Start of Block

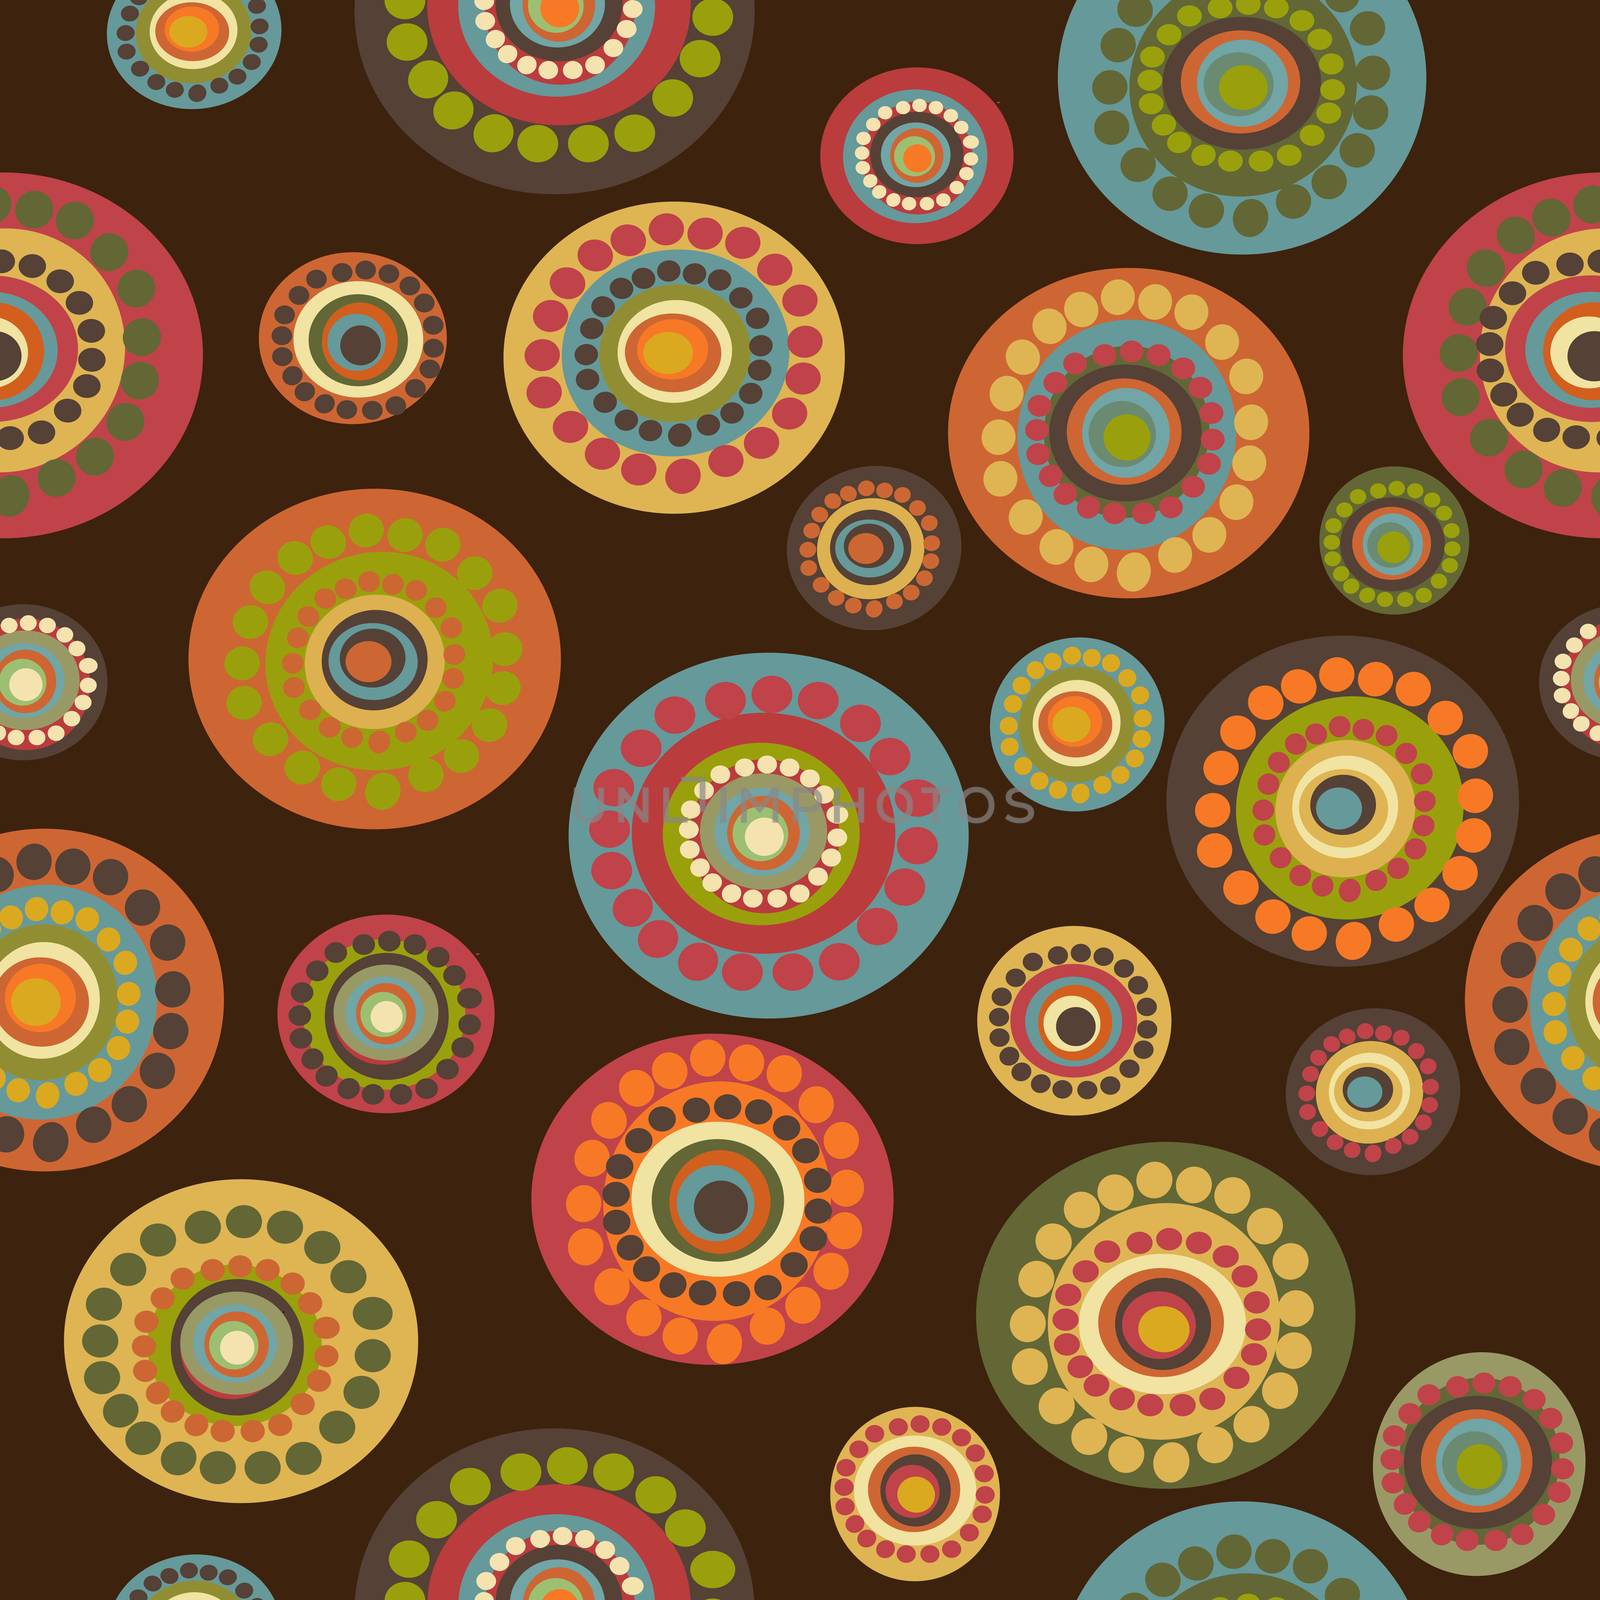 Retro floral seamless on brown background by hibrida13
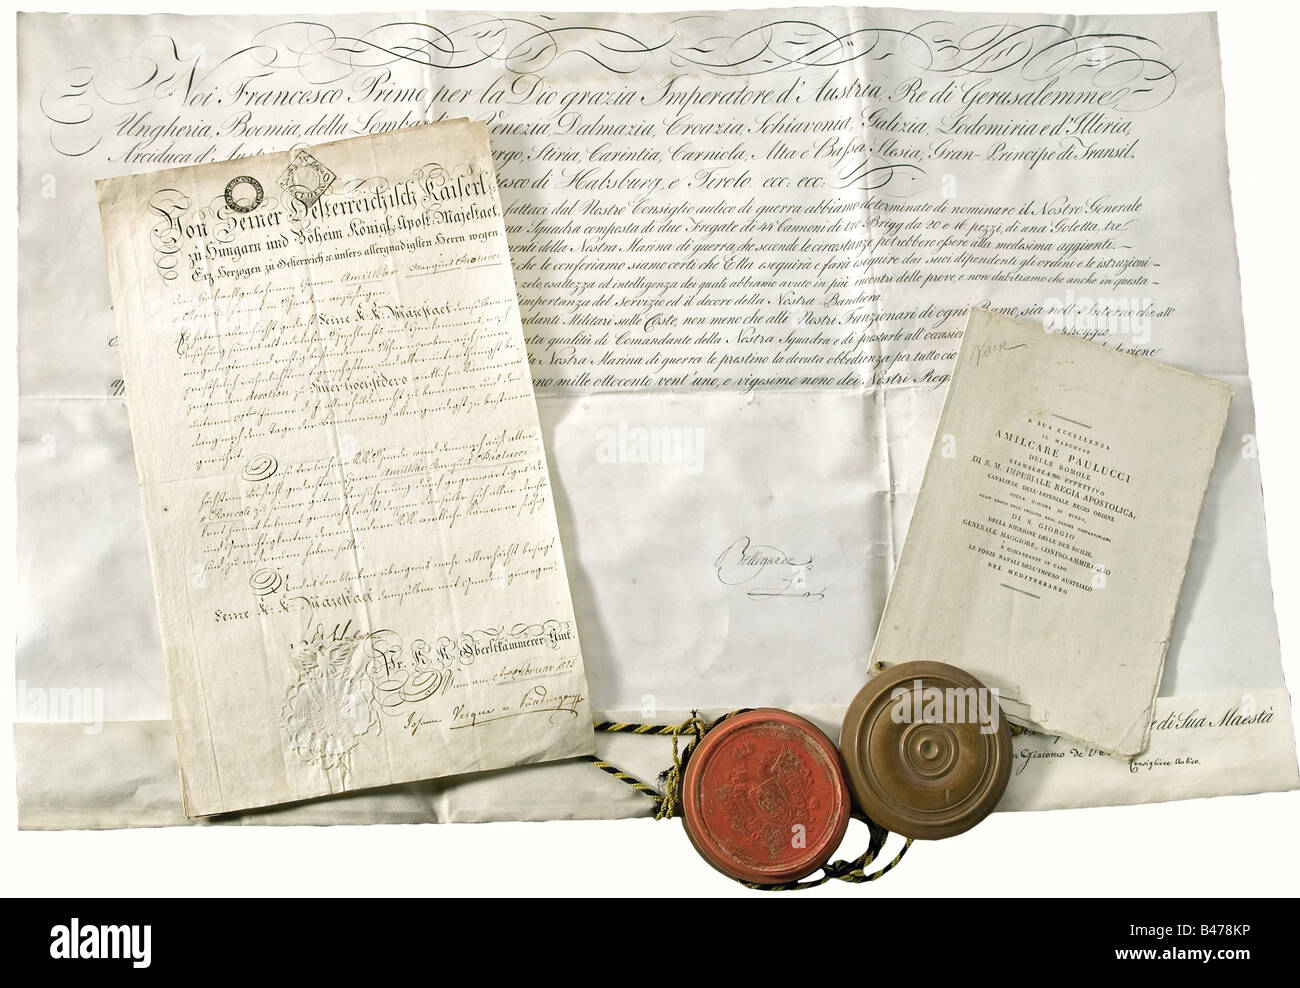 Admiral Hamilcar Paulucci., A large group of documents of the military career of the Commander of the Austrian Navy (1824 - 1844). A selection of the included documents: Appointment as Generalmajor (Brigadier)18.July 1814, grand certificate with the wafer seal and signature of Franz I. Certificate for the award of the Knight's Cross of the Order of the Iron Crown 17 July 1817. Grand Certificate appointing him Commander of the Mediterranean Fleet on 12 February 1821, parchment with Bellegarde's signature and imperial seal in a wooden capsule. Grand Certificate a, Stock Photo
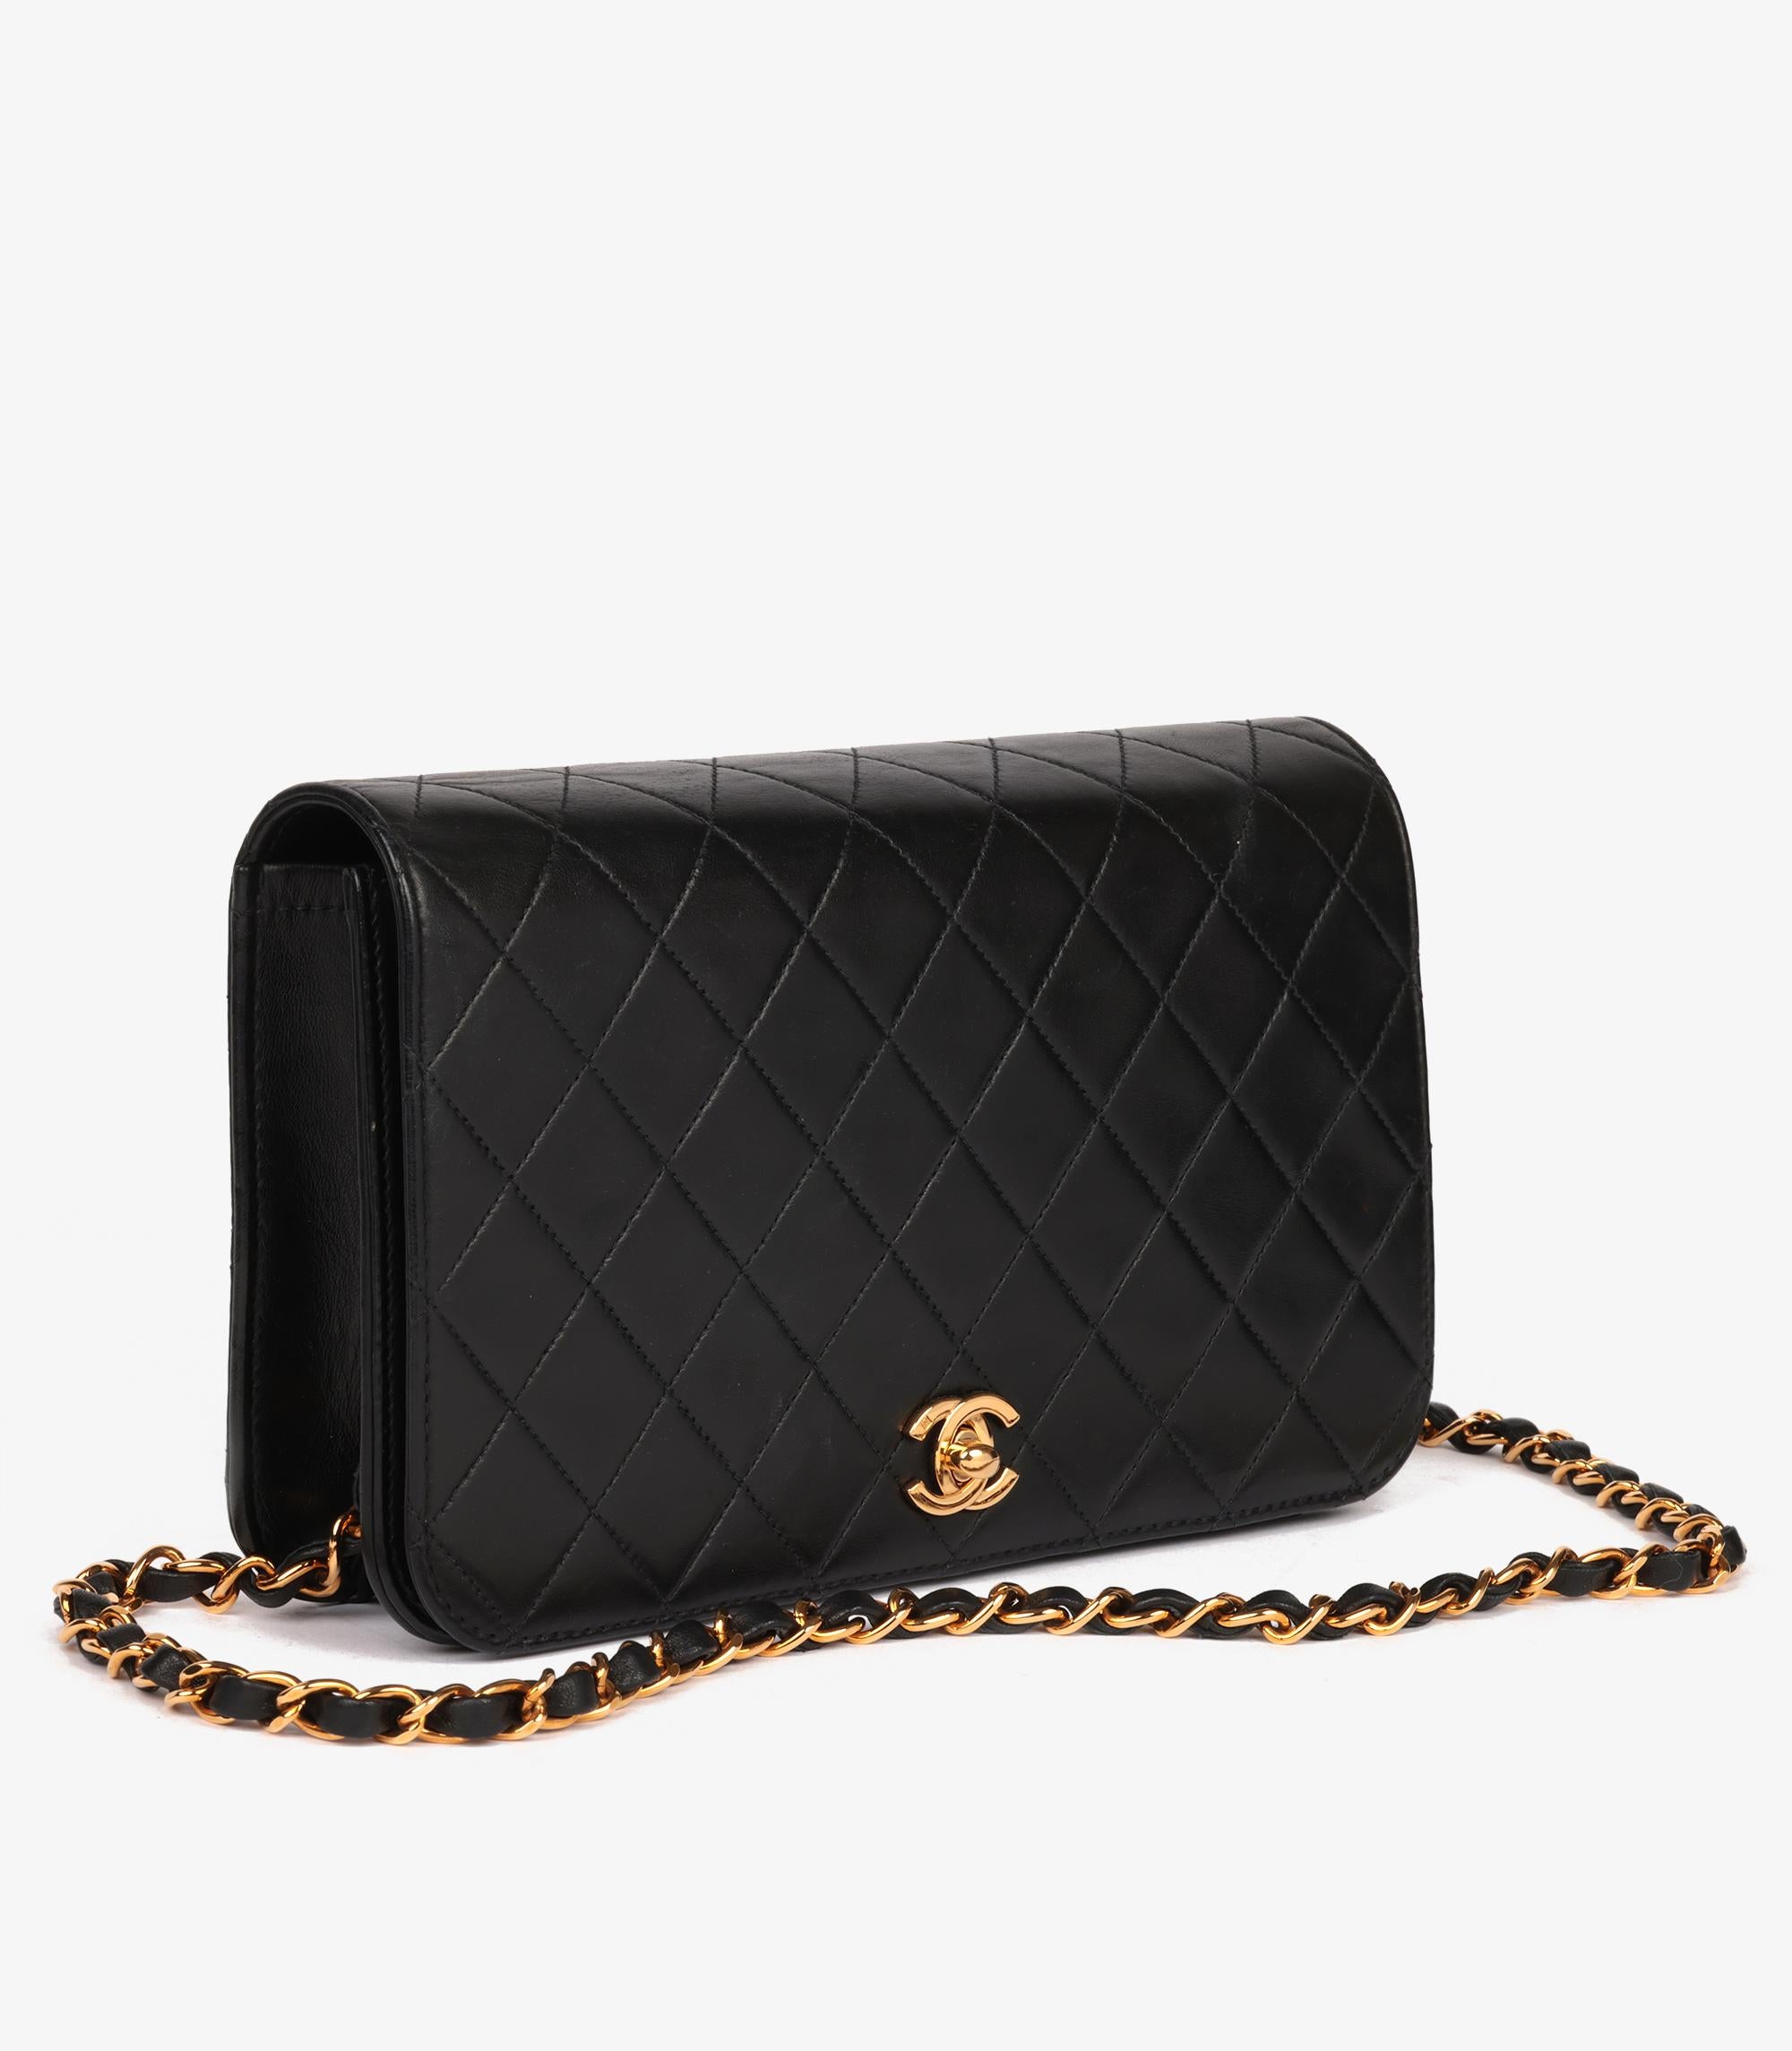 Chanel Black Quilted Lambskin Vintage Small Classic Single Full Flap Bag

Brand- Chanel
Model- Small Classic Single Full Flap Bag
Product Type- Shoulder
Serial Number- 8854371
Age- Circa 2003
Accompanied By- Chanel Dust Bag, Authenticity

End of Block

Task to carry out — From the line holding "Brand- Chanel" to the final line of the data, output each line exactly and nothing more.

Result for this exercise —
Brand- Chanel
Model- Small Classic Single Full Flap Bag
Product Type- Shoulder
Serial Number- 8854371
Age- Circa 2003
Accompanied By- Chanel Dust Bag, Authenticity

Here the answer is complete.